Extracted information:
------------------------------------------------------------

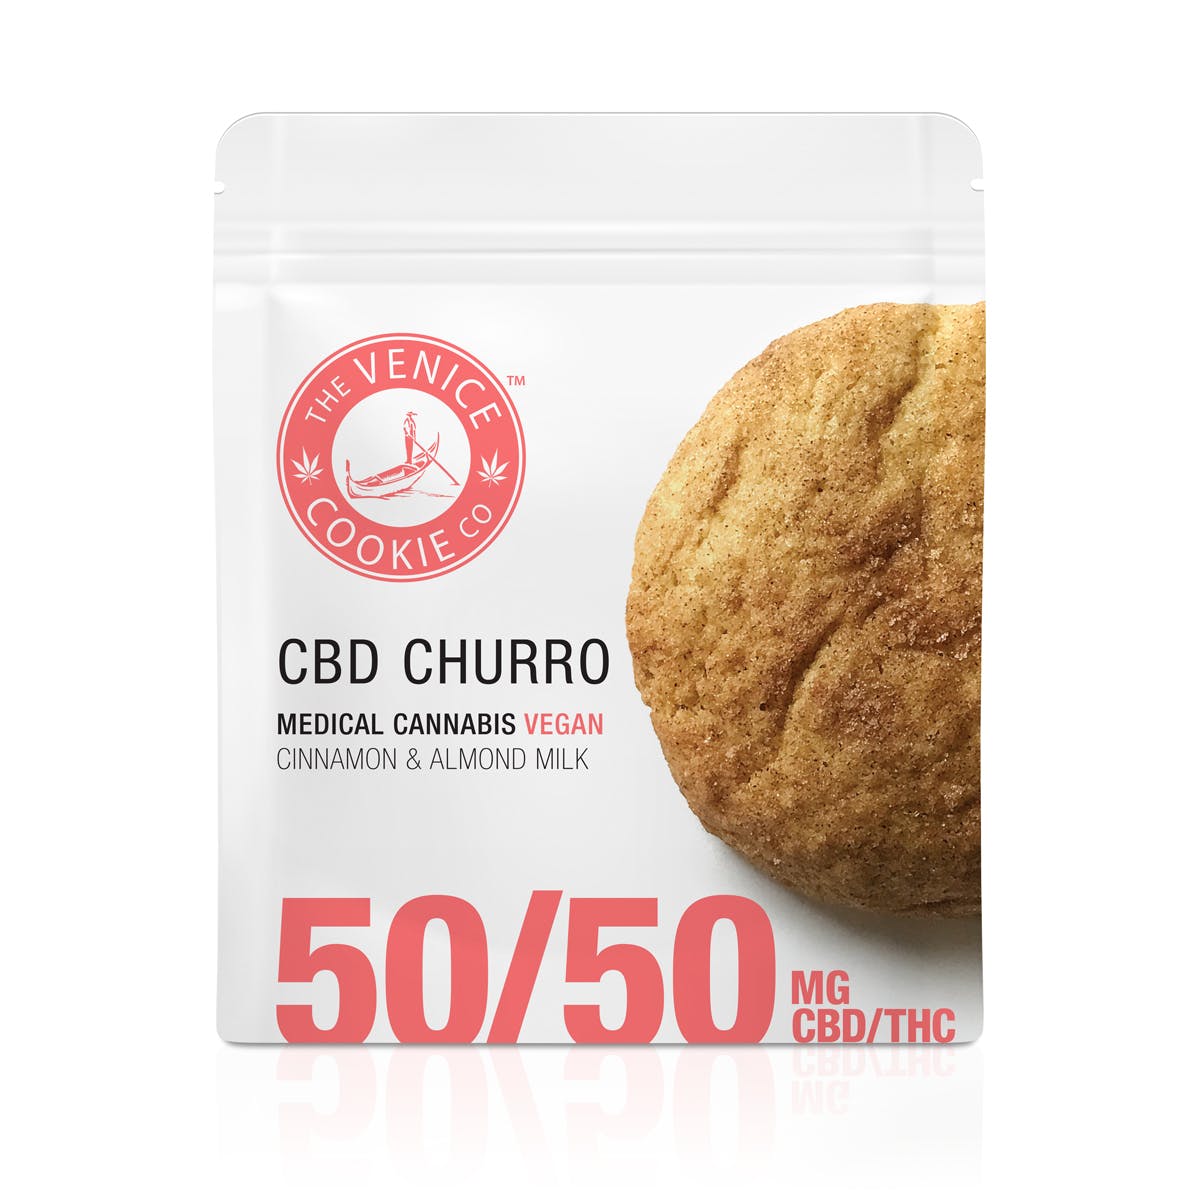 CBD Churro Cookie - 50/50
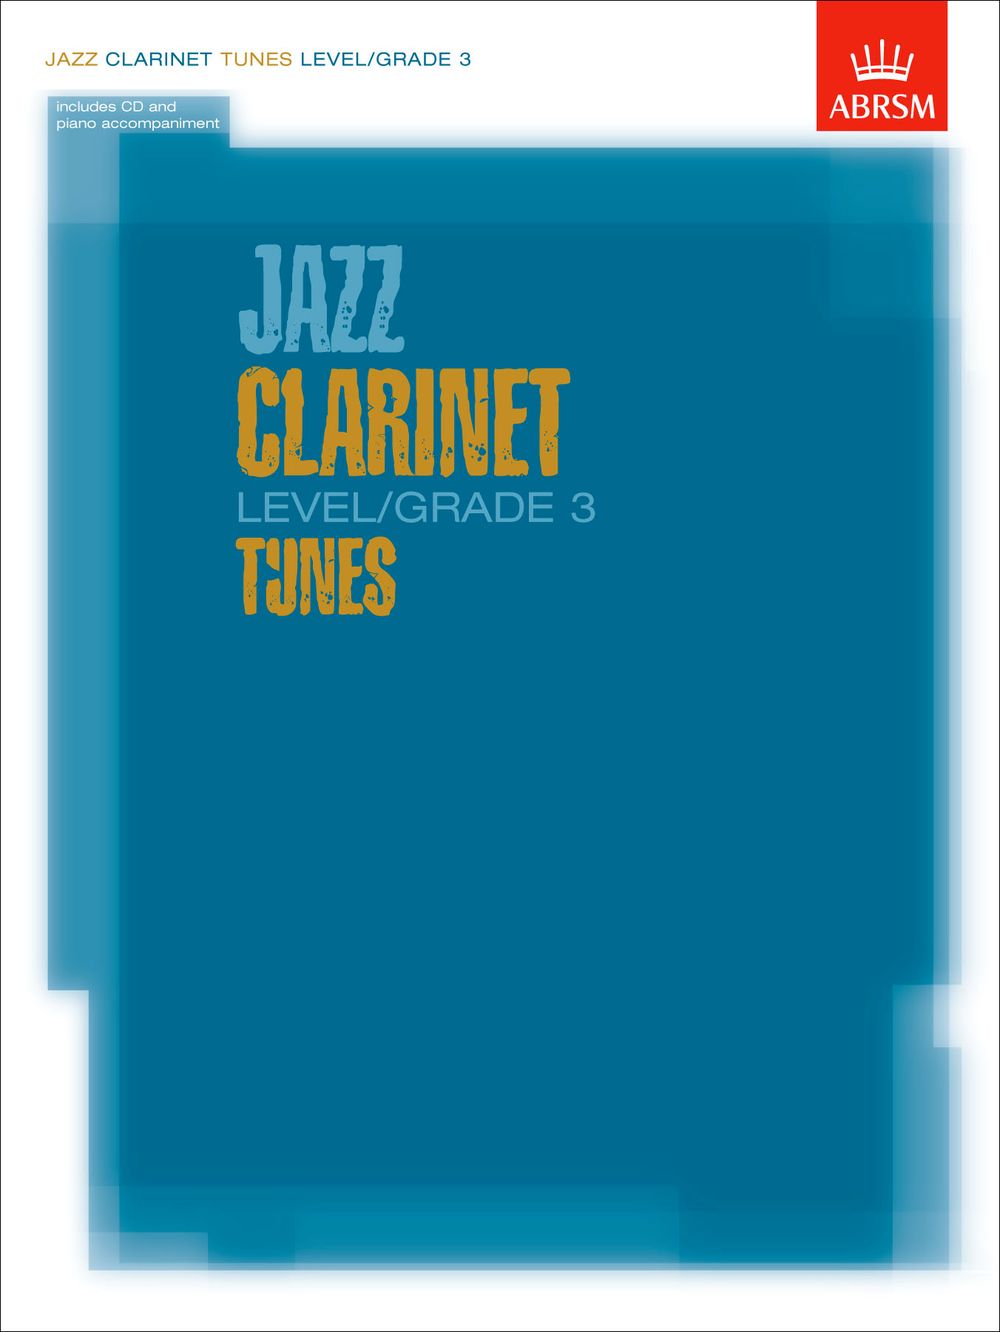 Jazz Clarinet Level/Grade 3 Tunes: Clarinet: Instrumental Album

------------------------------------------------------------

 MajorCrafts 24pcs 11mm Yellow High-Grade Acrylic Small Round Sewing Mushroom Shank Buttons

------------------------------------------------------------

Assigned task: Here the job is to copy the stretch of records from the line containing "CBD Churro Cookie - 50/50" through the line containing "Jazz Clarinet Level/Grade", word for word. Leave every picture out.

Answer to this problem:
 CBD Churro Cookie - 50/50
 Jazz Clarinet Level/Grade 3 Tunes: Clarinet: Instrumental Album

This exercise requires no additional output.